The pictures in the data below are to be omitted; all else must be duplicated exactly.
[[ Data segment, beginning ]]
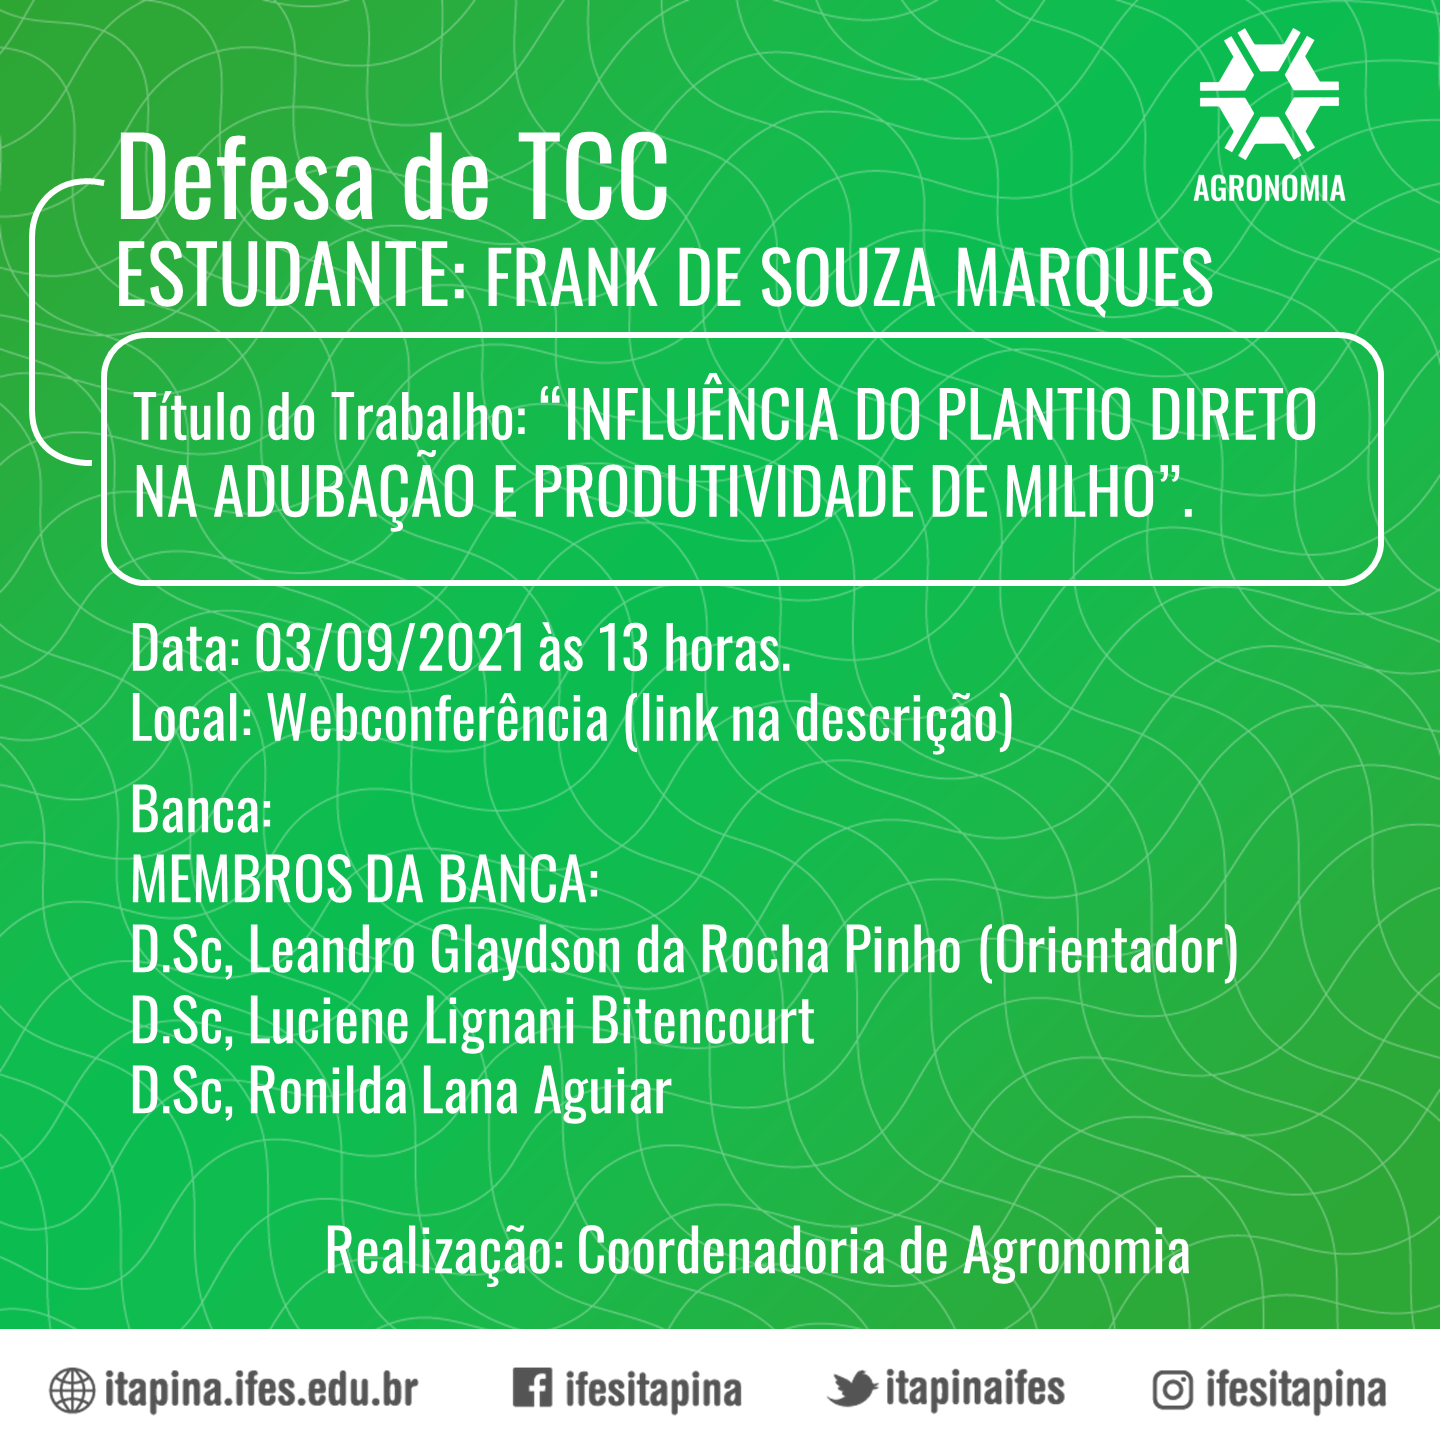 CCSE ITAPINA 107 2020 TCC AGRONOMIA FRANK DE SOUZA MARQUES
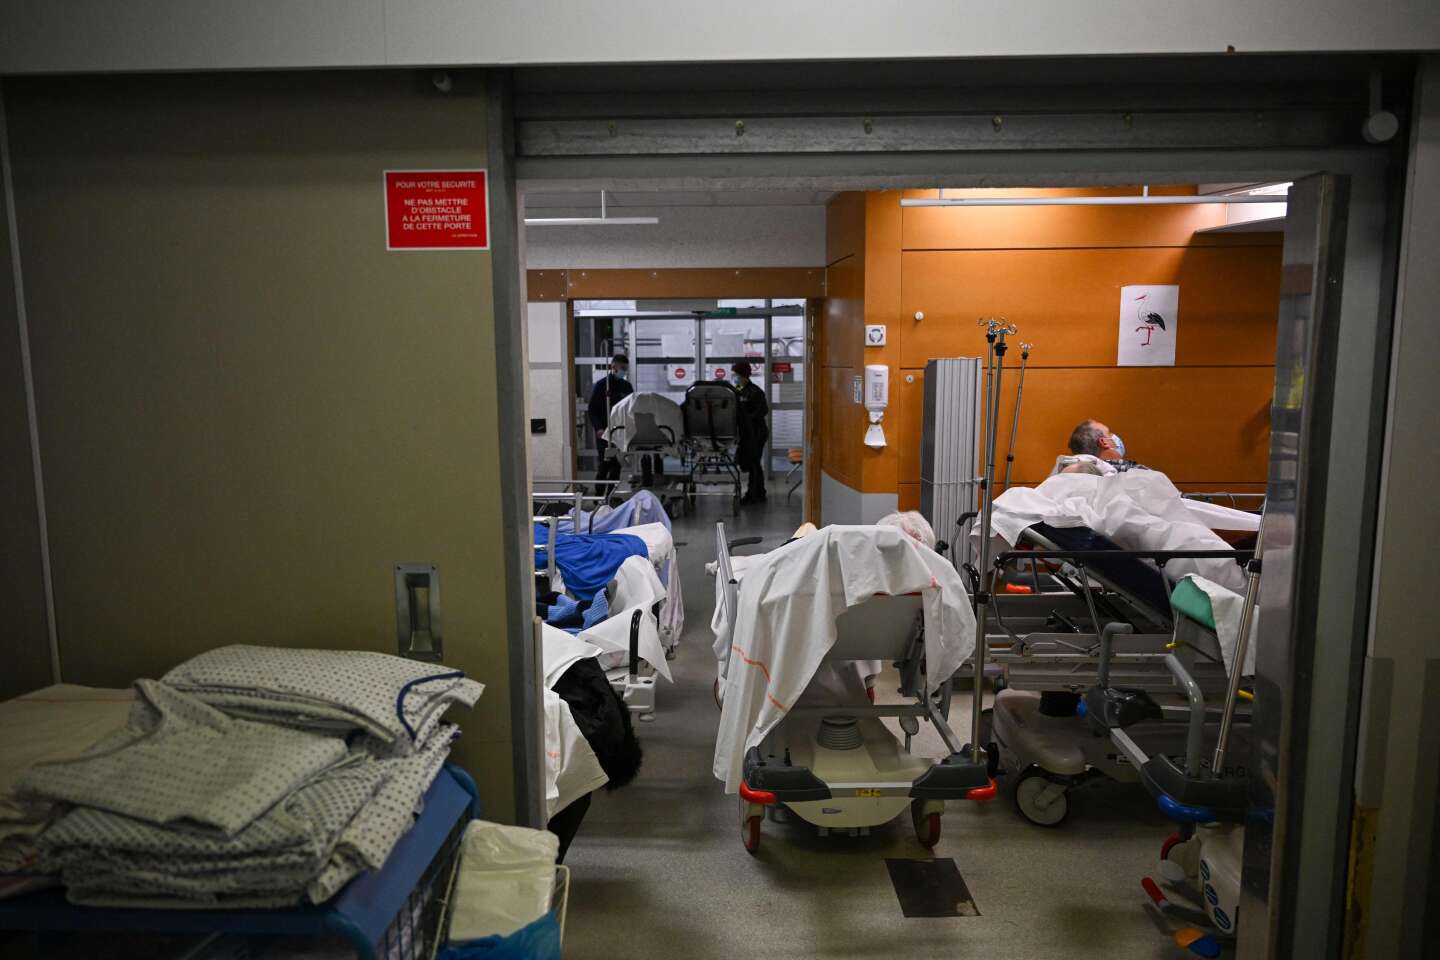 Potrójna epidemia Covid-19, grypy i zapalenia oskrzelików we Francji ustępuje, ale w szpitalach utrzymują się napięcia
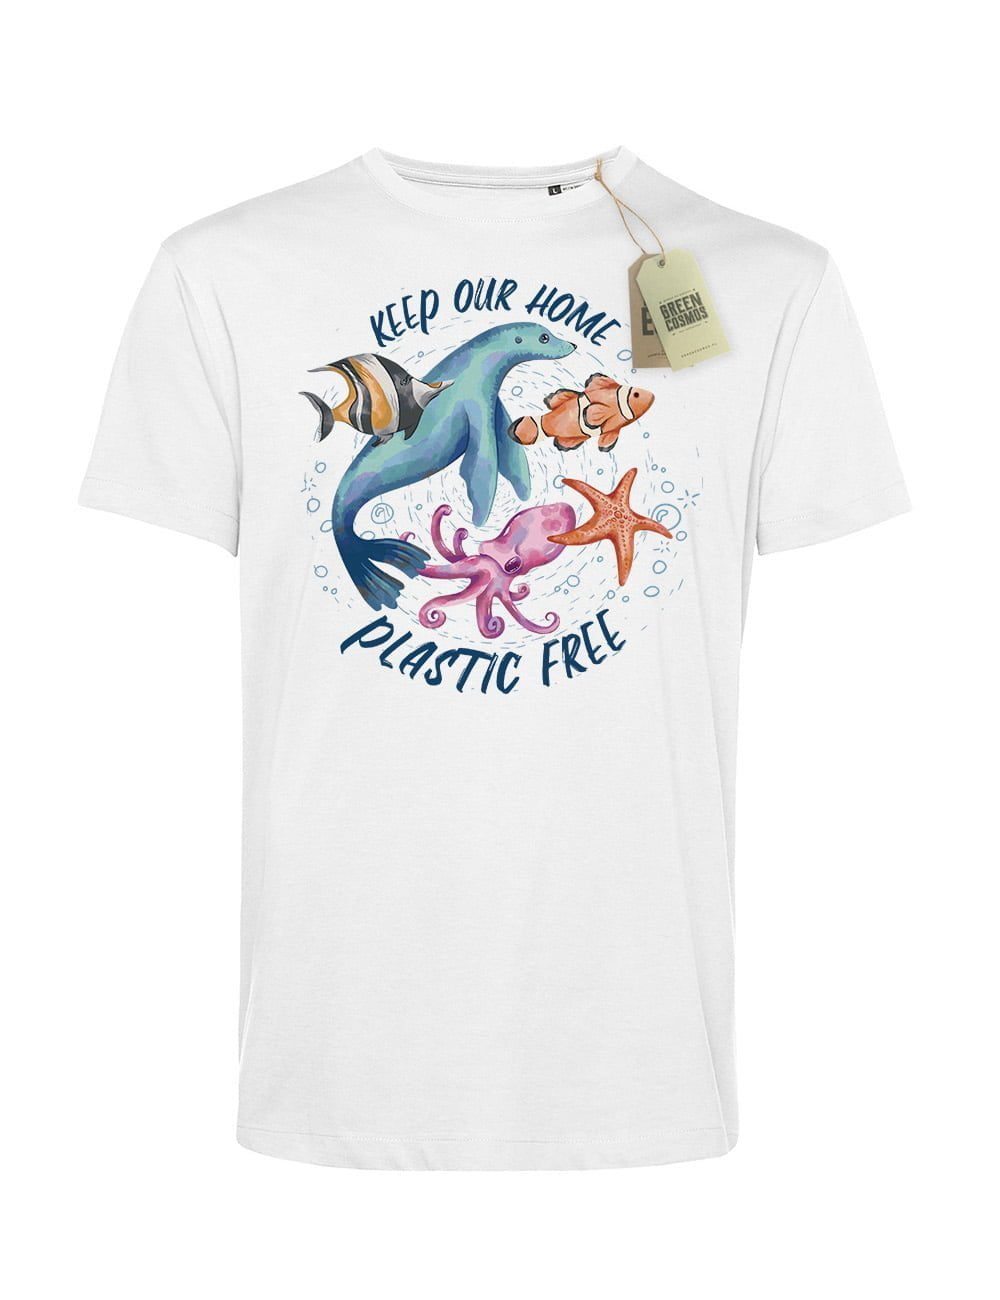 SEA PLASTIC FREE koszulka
[[ Data segment, end ]]
## Expected output:
 CCSE ITAPINA 107 2020 TCC AGRONOMIA FRANK DE SOUZA MARQUES
 Potrójna epidemia Covid-19, grypy i zapalenia oskrzelików we Francji ustępuje, ale w szpitalach utrzymują się napięcia
 SEA PLASTIC FREE koszulka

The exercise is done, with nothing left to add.